We used to be anonymous.
Behind closed doors and covered windows.
Criticism and gossip.
Accused and neglected!
The lack of knowledge ruled.
Almost nobody knew.
We tried to keep our heads above the surface.
Those we turned to for help always knew better.
Those who knew said nothing.
Those who should have spoken – were silent.
Would it have been the same if he had cancer?
A question to ask.
Sometimes we long for anonymity.
When all the good advice keep coming.
When all the good intentions – of course – treatments, tricks, experience, are put on our shoulders.
– And I feel like a terrible mother when I am not positive and enthusiastic to all the experience they present to me.
Experiences and experiments that some has benefitted from, but actually, (after digging into the treatment) even more have NOT benefitted from.

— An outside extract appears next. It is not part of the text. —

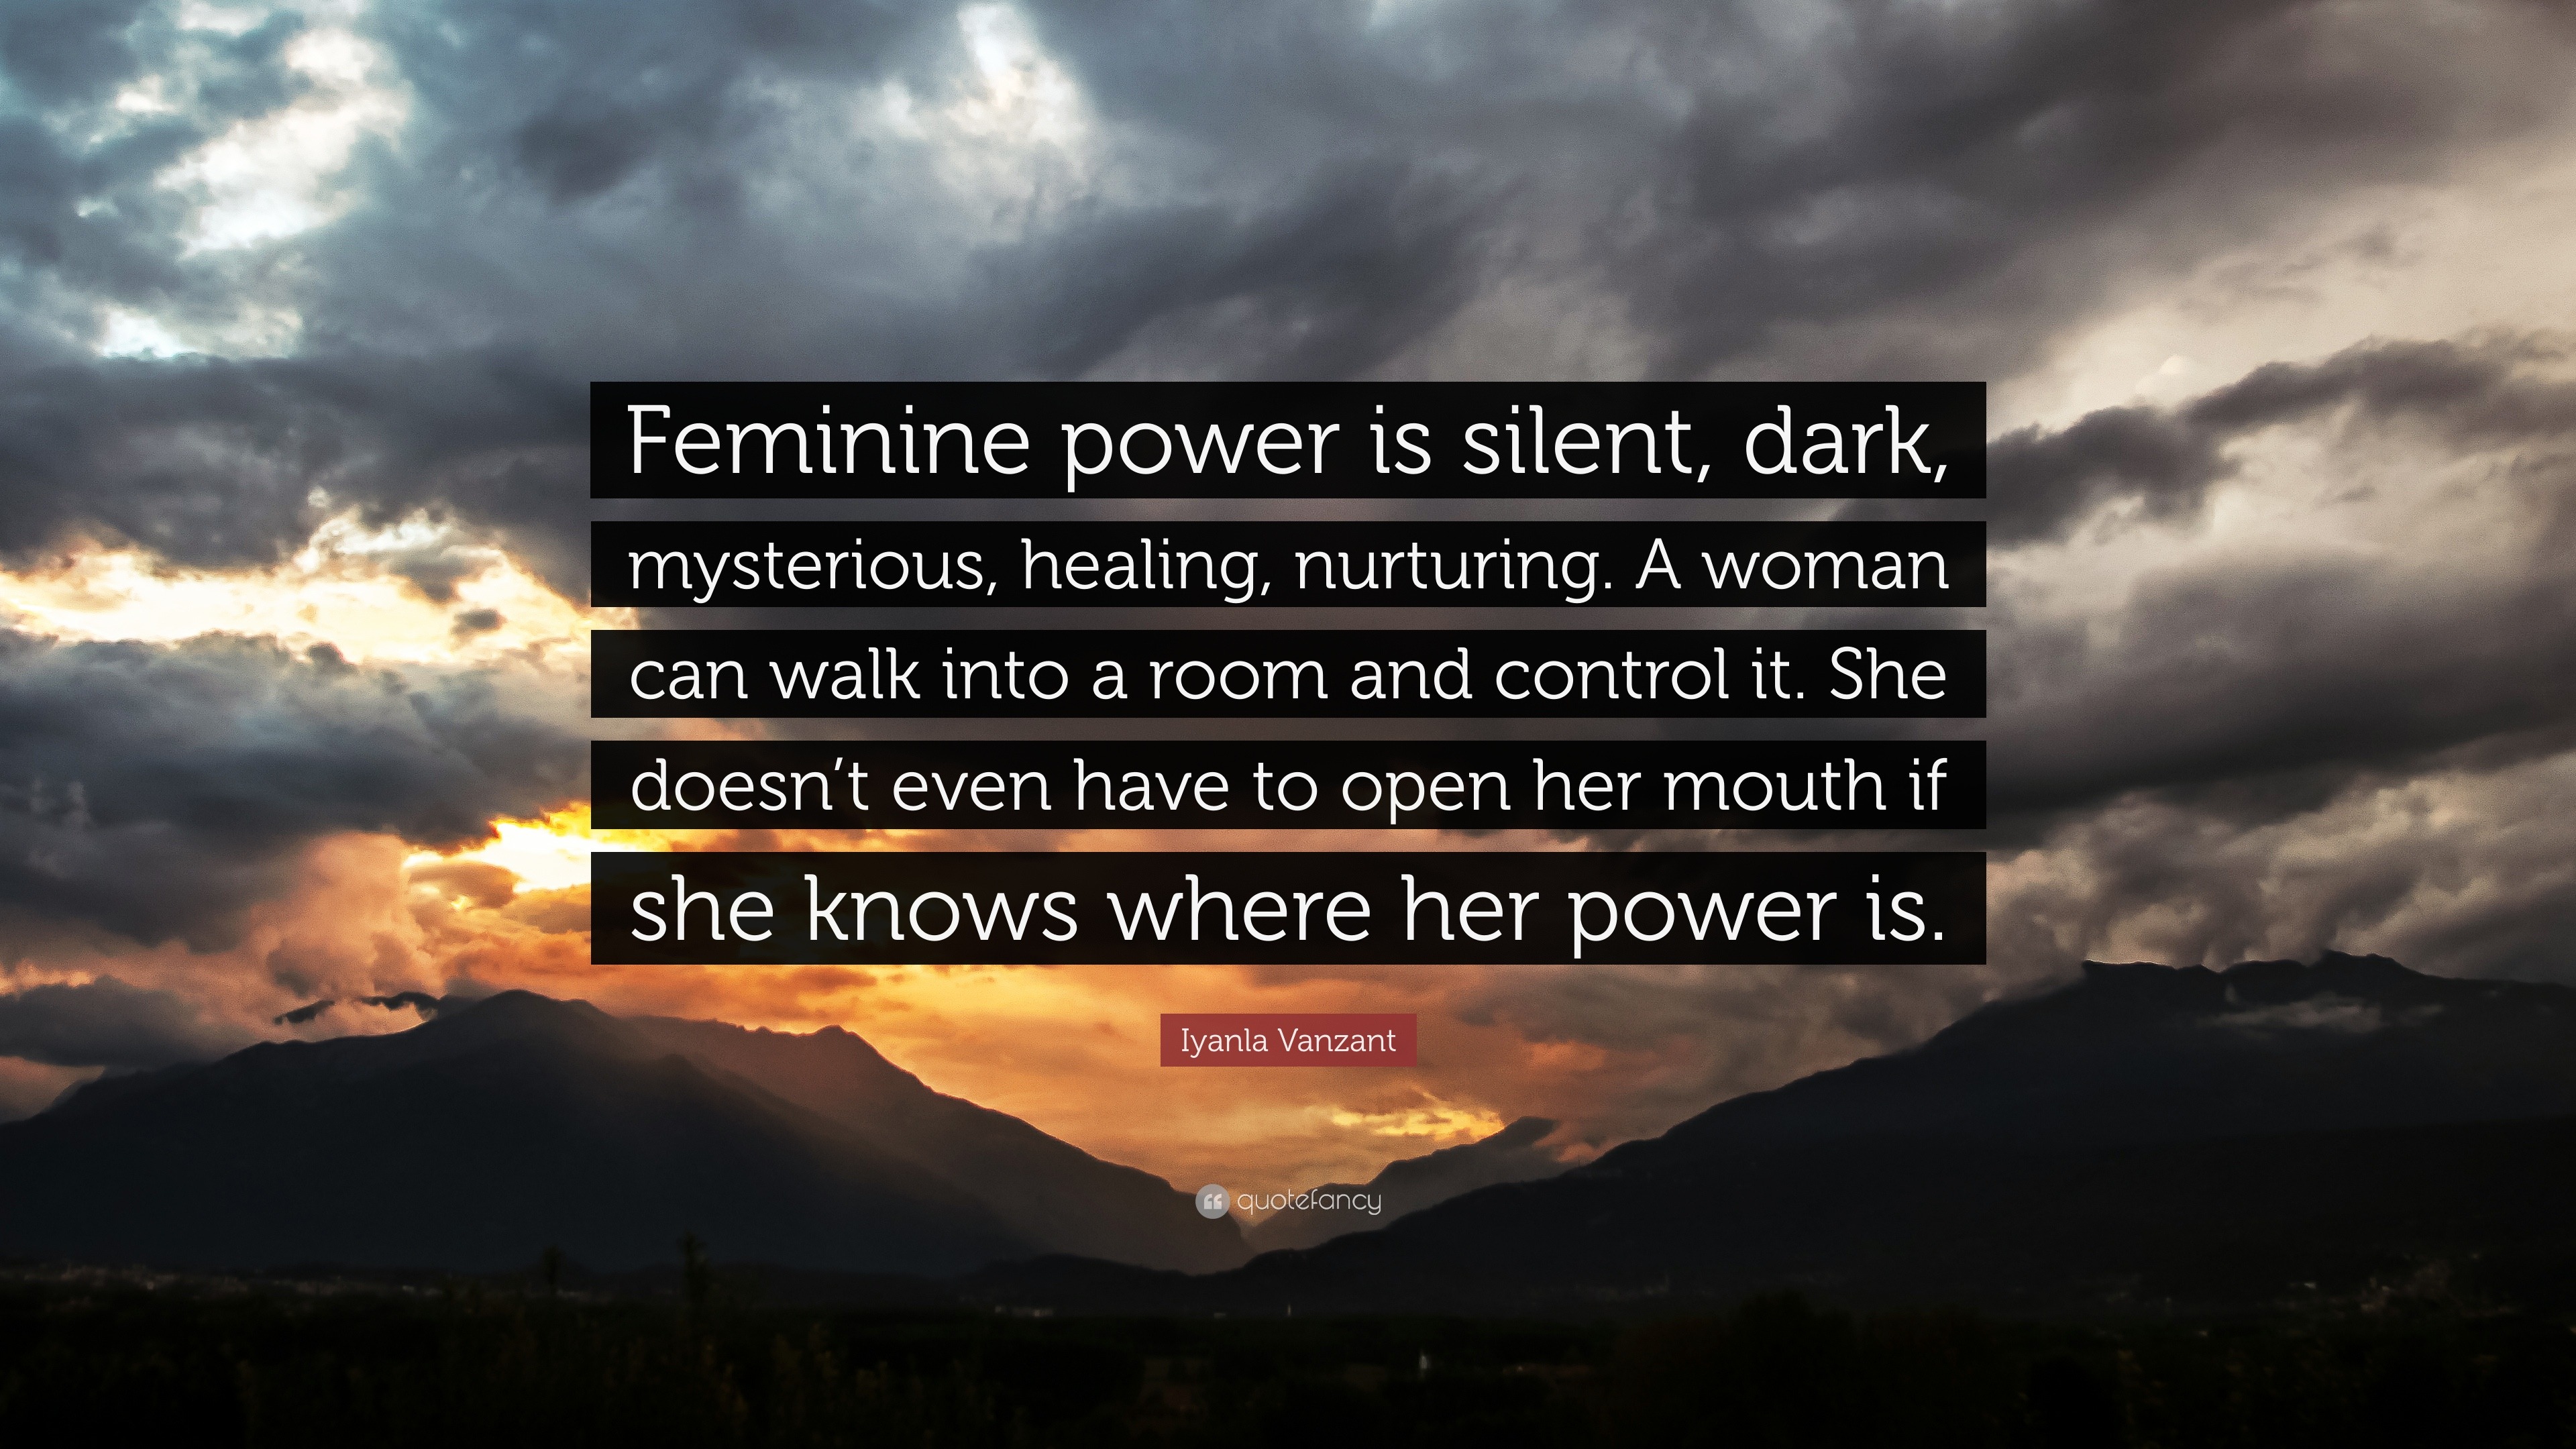 Iyanla Vanzant Quote: “Feminine power is silent, dark, mysterious

But it is too late. The anonymity is gone.
We chose it for ourselves.
We are not in hiding anymore.
The time when nobody knew,
that time is over.
It will never come back.
This feels good.
Some of you might be sick and tired of my writings about my son.
Some of you might think:
– is it possible to get this much out of days containing “nothing”?
Maybe when the days contain «nothing» you really see the content?
It is when you see the joys in the little things you really enjoy.
I remember when I was a little girl I longed for Christmas to come.
I had gathered my wishes all year, and finally – some of the wishes were to become true!
I remember looking forward to the cartoons we watched on Swedish Television.
I remember the chicken drumsticks we ate a Saturday night when I was young.
I remember the small bowls of candy; we were allowed to take one piece at the time.
I remember my first bottle of soda pop.
I remember eating chips in the back seat of the car going on summer vacation.
I remember cuddling in my mother’s arms and sitting on my father’s lap.
I remember the two kroner milk-chocolate I ate in tiny bites hiding in the darkness under the kitchen table.
I remember the first time I had my own money to shop for my own clothes.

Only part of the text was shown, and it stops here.